- TASK TO COMPLETE
An exact restatement of the entire listing is needed, excluding all images.

- MATERIAL PROVIDED
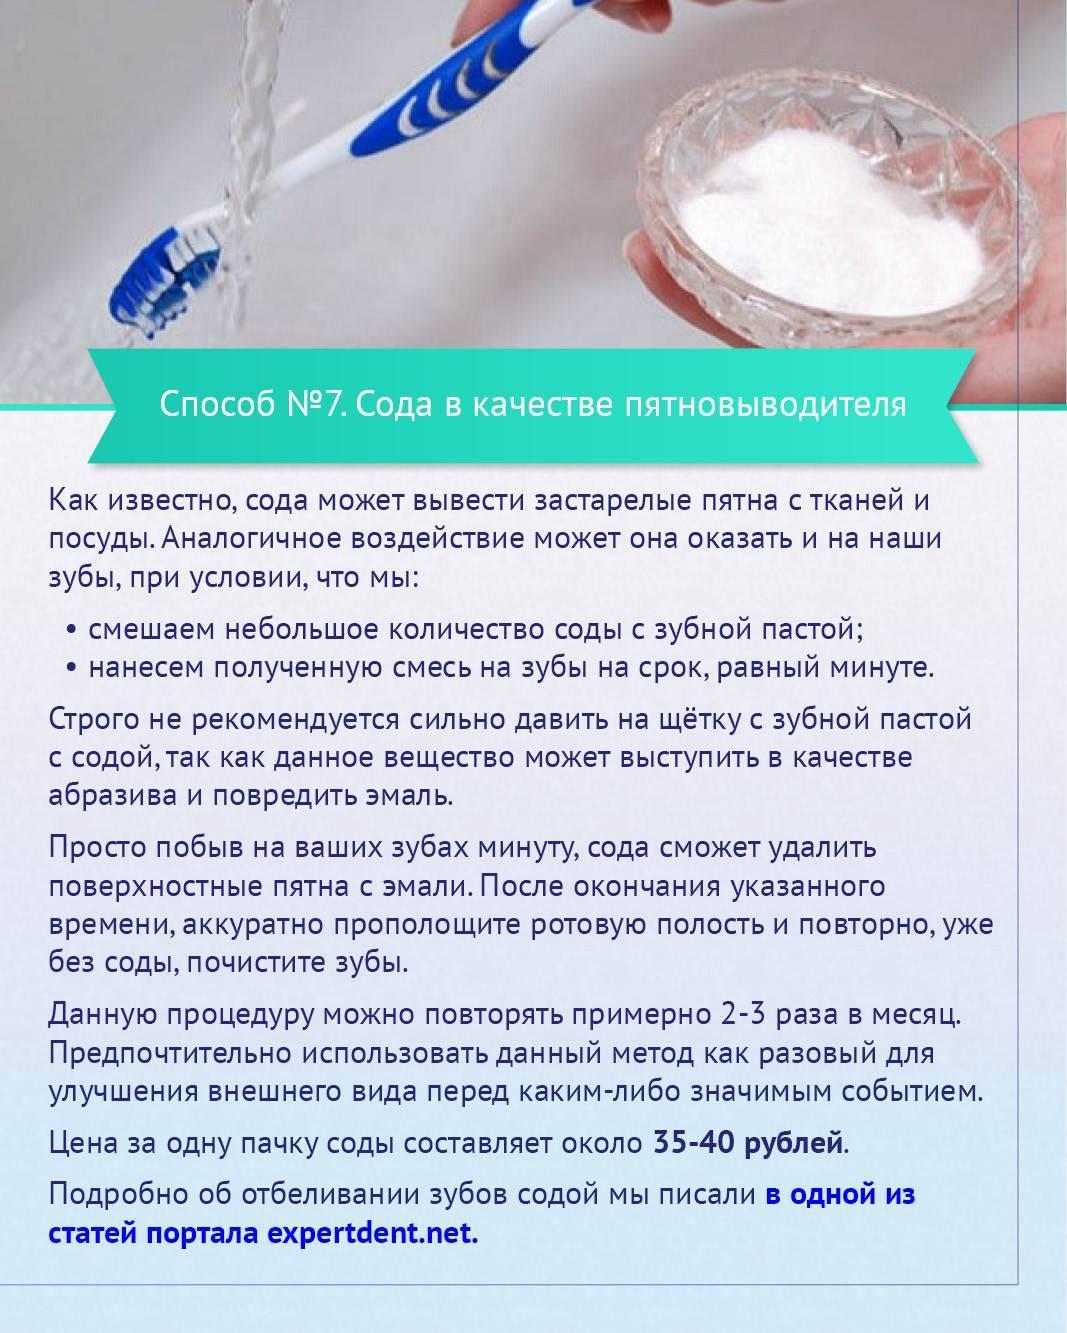 Сода для лица — чистка и отбеливание в домашних условиях
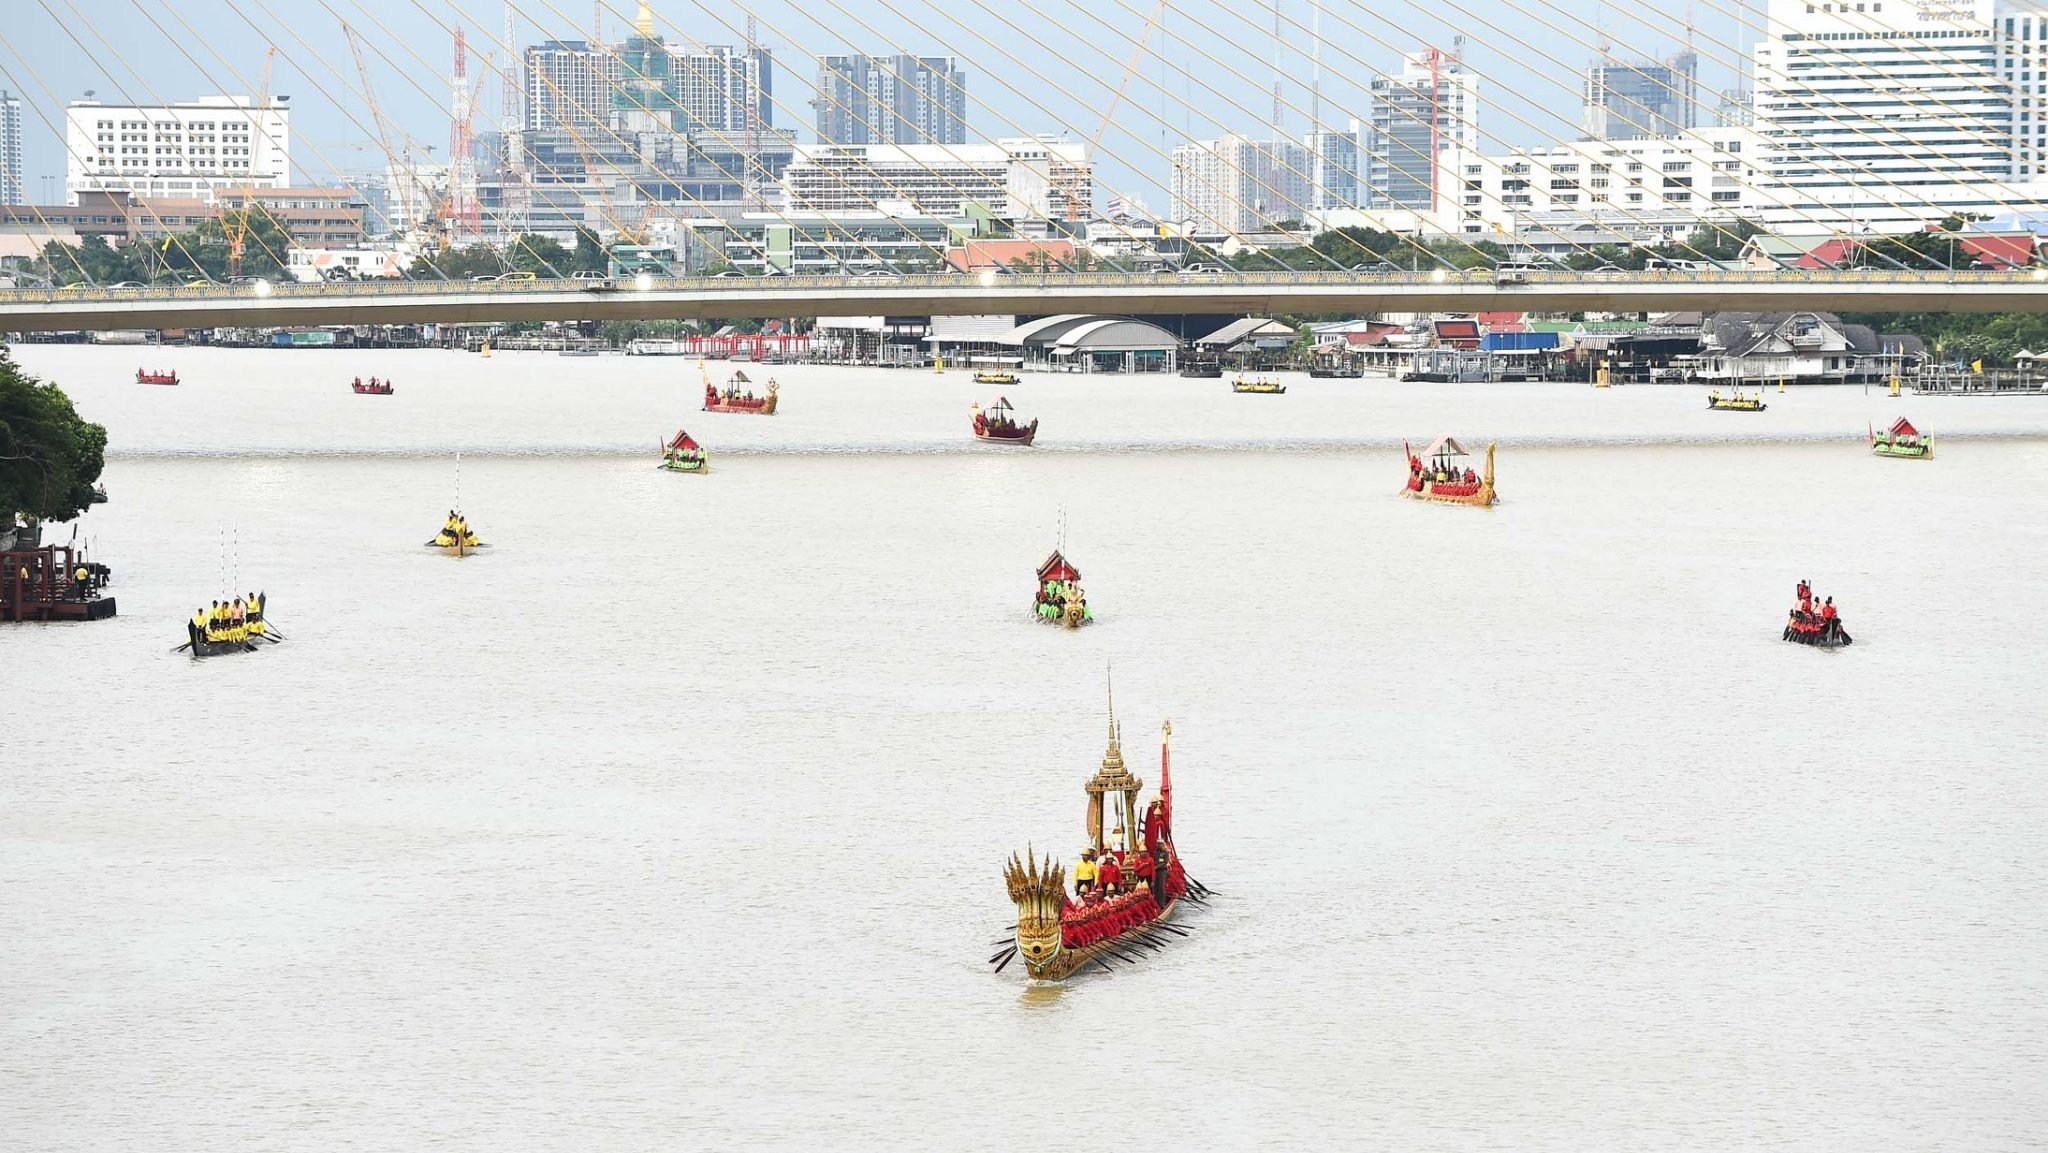 ขบวนพยุหยาตราทางชลมารค ขบวนเรือพระราชพิธี ซ้อมย่อยขบวนเรือพระราชพิธี
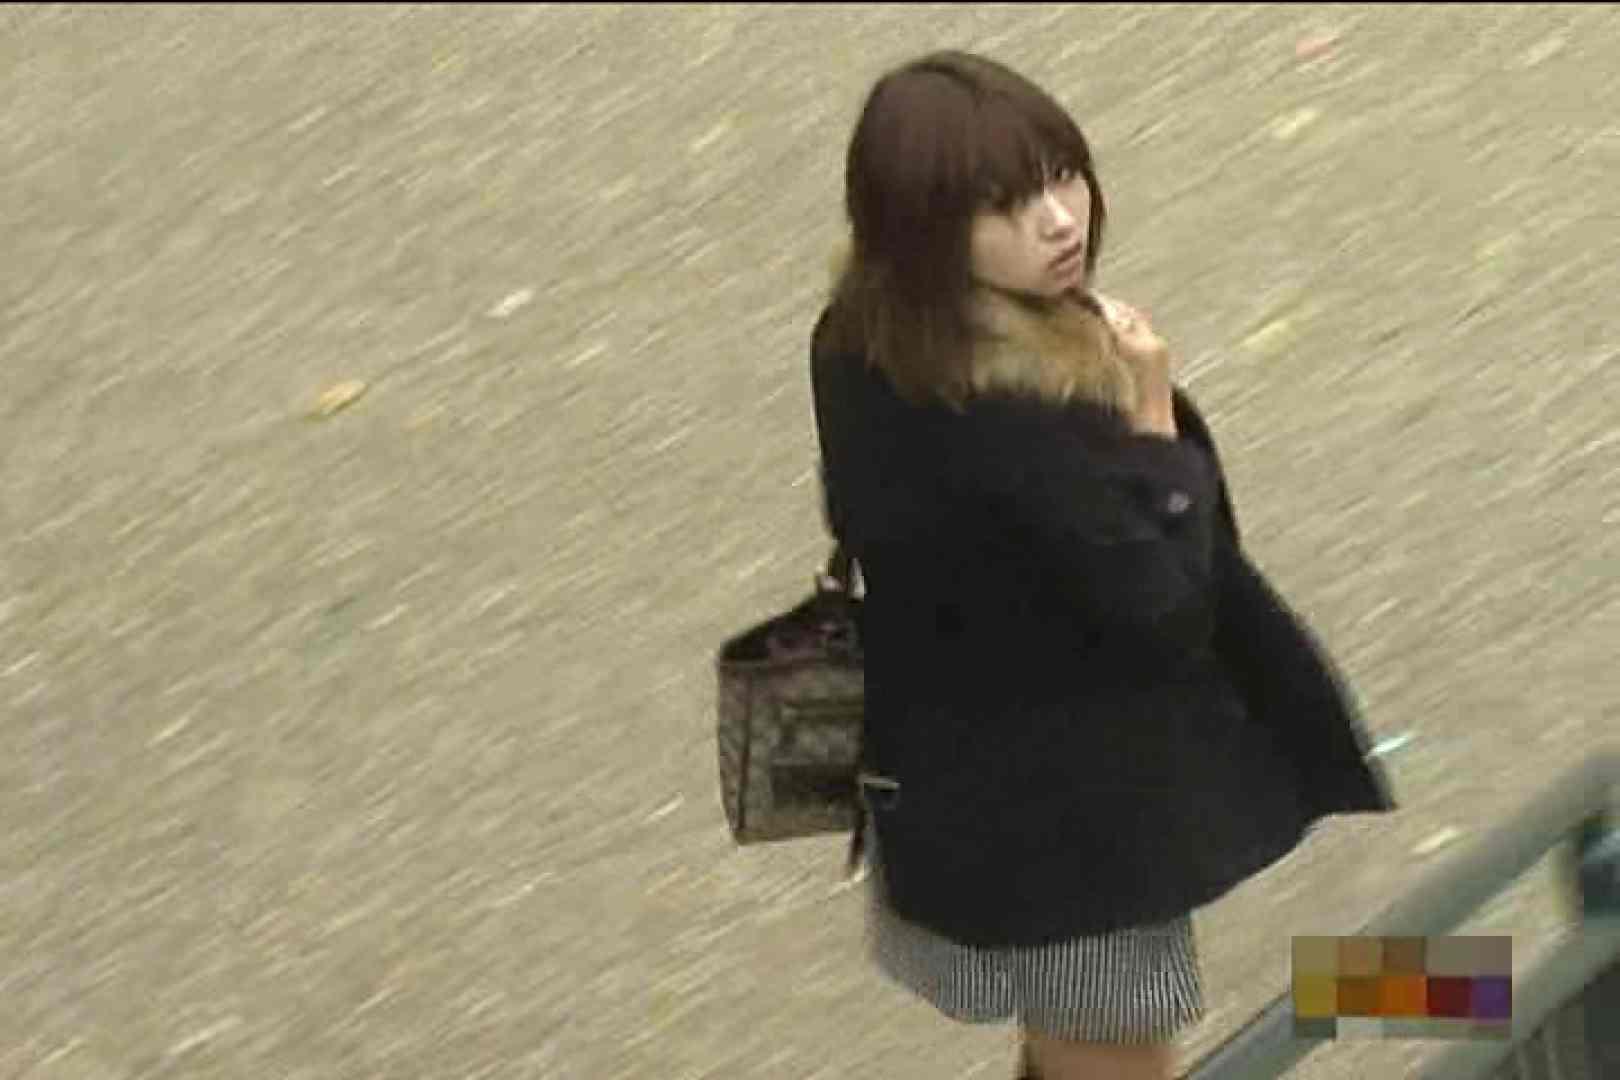 大胆露出胸チラギャル大量発生中!!Vol.4 ギャルの実態 盗撮動画紹介 46pic 22

- THE COMPLETED TASK
 Сода для лица — чистка и отбеливание в домашних условиях
 ขบวนพยุหยาตราทางชลมารค ขบวนเรือพระราชพิธี ซ้อมย่อยขบวนเรือพระราชพิธี
 大胆露出胸チラギャル大量発生中!!Vol.4 ギャルの実態 盗撮動画紹介 46pic 22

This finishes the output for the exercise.